A typical dynamic web server with Varnish will look something like this:
Varnish can also be made aware of more than one backend server. Which means I could have a single internet facing varnish server, and two or more load balanced web servers behind it.
Two options for how this might be configured are laid out here:
Varnish is also able to add, remove, modify, or otherwise mangle the headers passed from the server to your browser. You can strip cookies, add content expires, and a whole host of other things. Things like expires headers can be used to make the client cache content such as images, style sheets, and javascript in their browser on their local machine. That is the fastest way to serve content as it eliminates the network completely. Varnish really is a fantastic product for accelerating your dynamic website.
Because my connection at home is nowhere near fast enough to really benchmark my new server, especially with Varnish in place, I decided to run ApacheBench locally. To give you something to compare against I ran it against my single backend server, as well as against the Varnish front end.

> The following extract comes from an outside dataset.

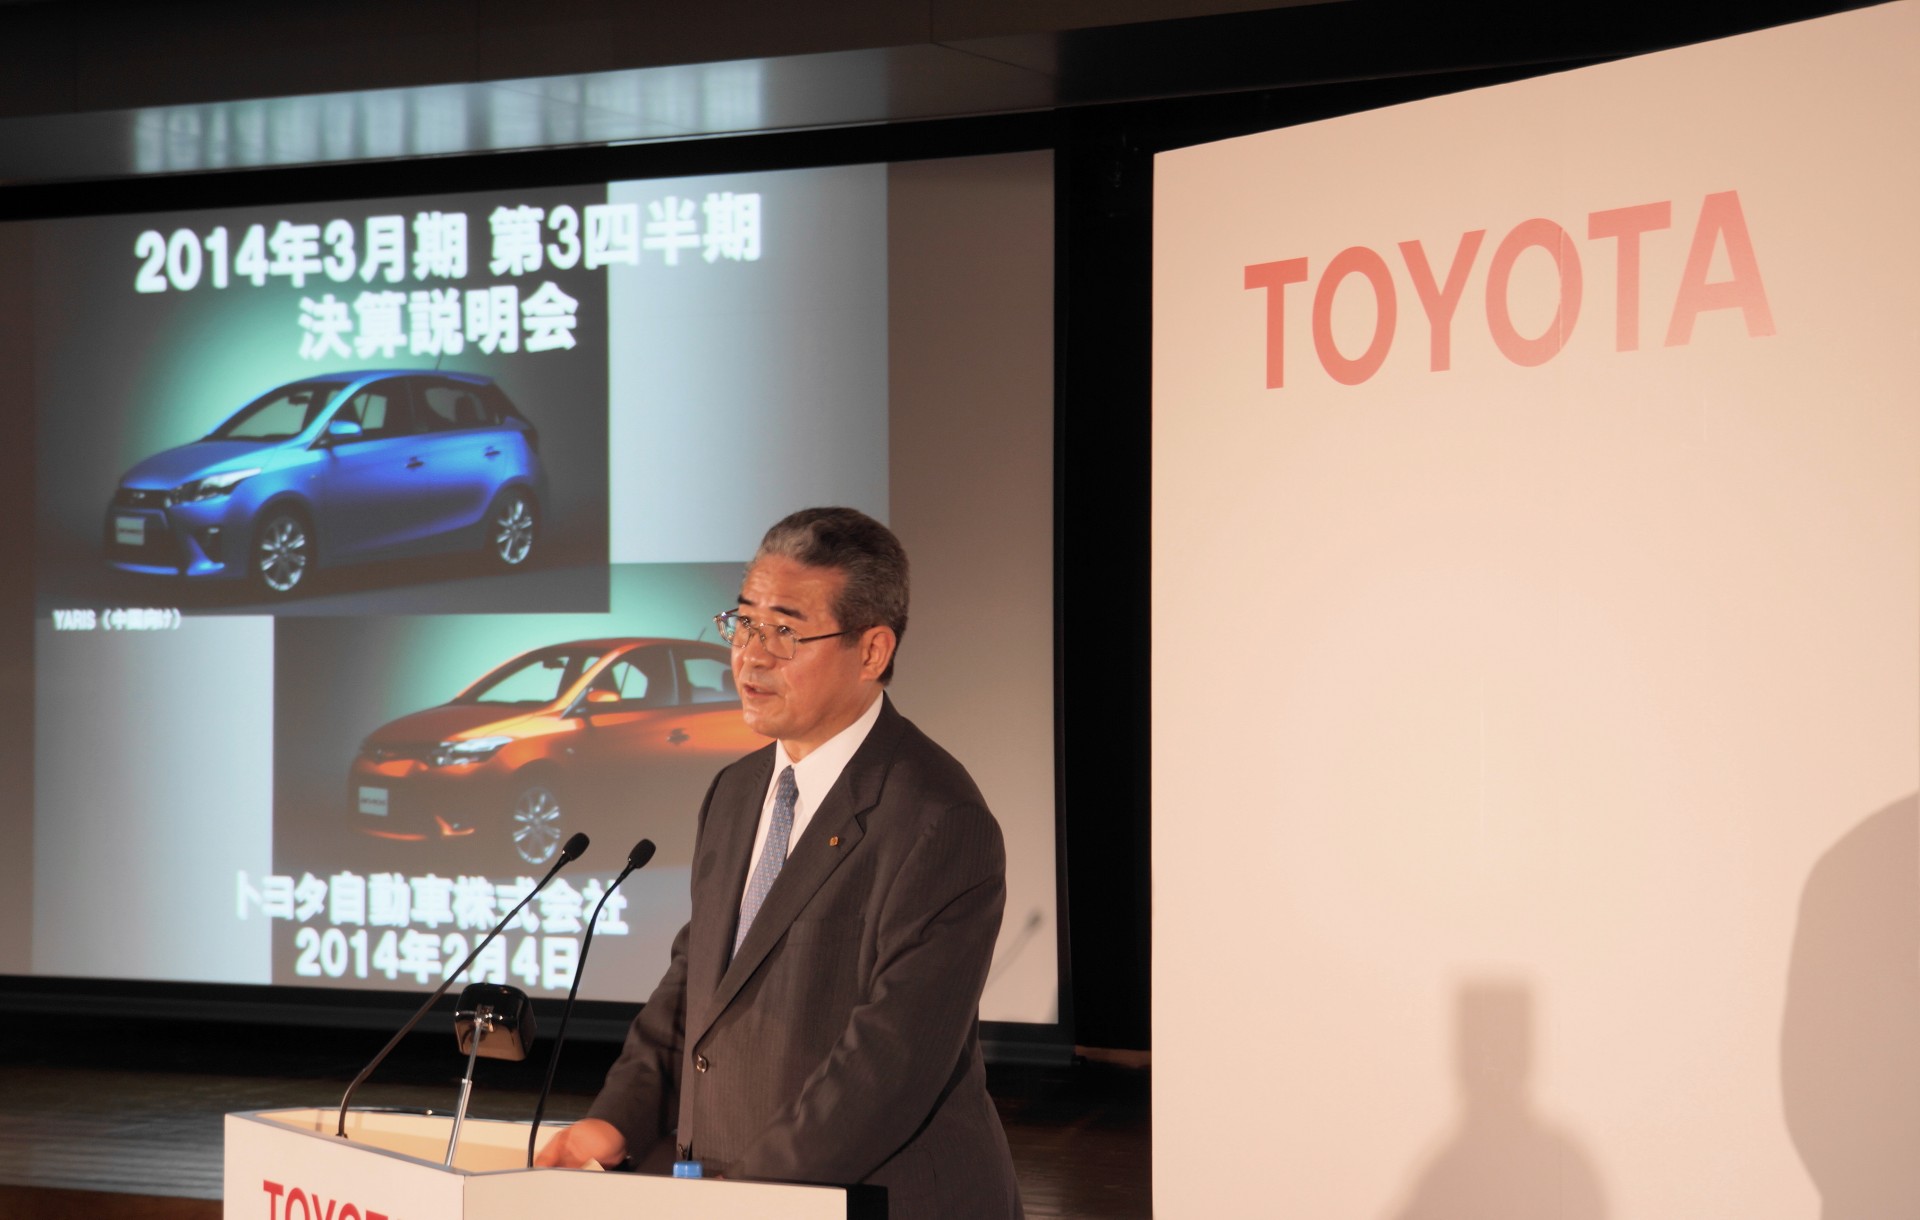 Managing Officer Takuo Sasaki speaks at FY2014 3Q Financial Results Press Conference

Completed Requests: 17316 vs 50000 a 65.368% improvementRequests Per Second: 34.63 vs 219.305 a 83.99% improvementTime Per Request: 28.88 vs 4.39 a 22.63% improvement
New Hosting Environment – Part 4 – WP-Cache
Continuing my saga of trying to extract every ounce of performance out of my new hosting environment, it’s time to move on to caching. Up until this point every time a page is loaded the PHP scripts have to query the database for the appropriate records, take the information from the database, and render the page into static HTML that your browser can render. Computers are fast so this doesn’t take very long, as evidenced by previous benchmarks. However you’ll notice that even with the APC OpCode Cache in place we’re still hammering the CPU for 50% of its capacity during the benchmarking. I know this can be improved!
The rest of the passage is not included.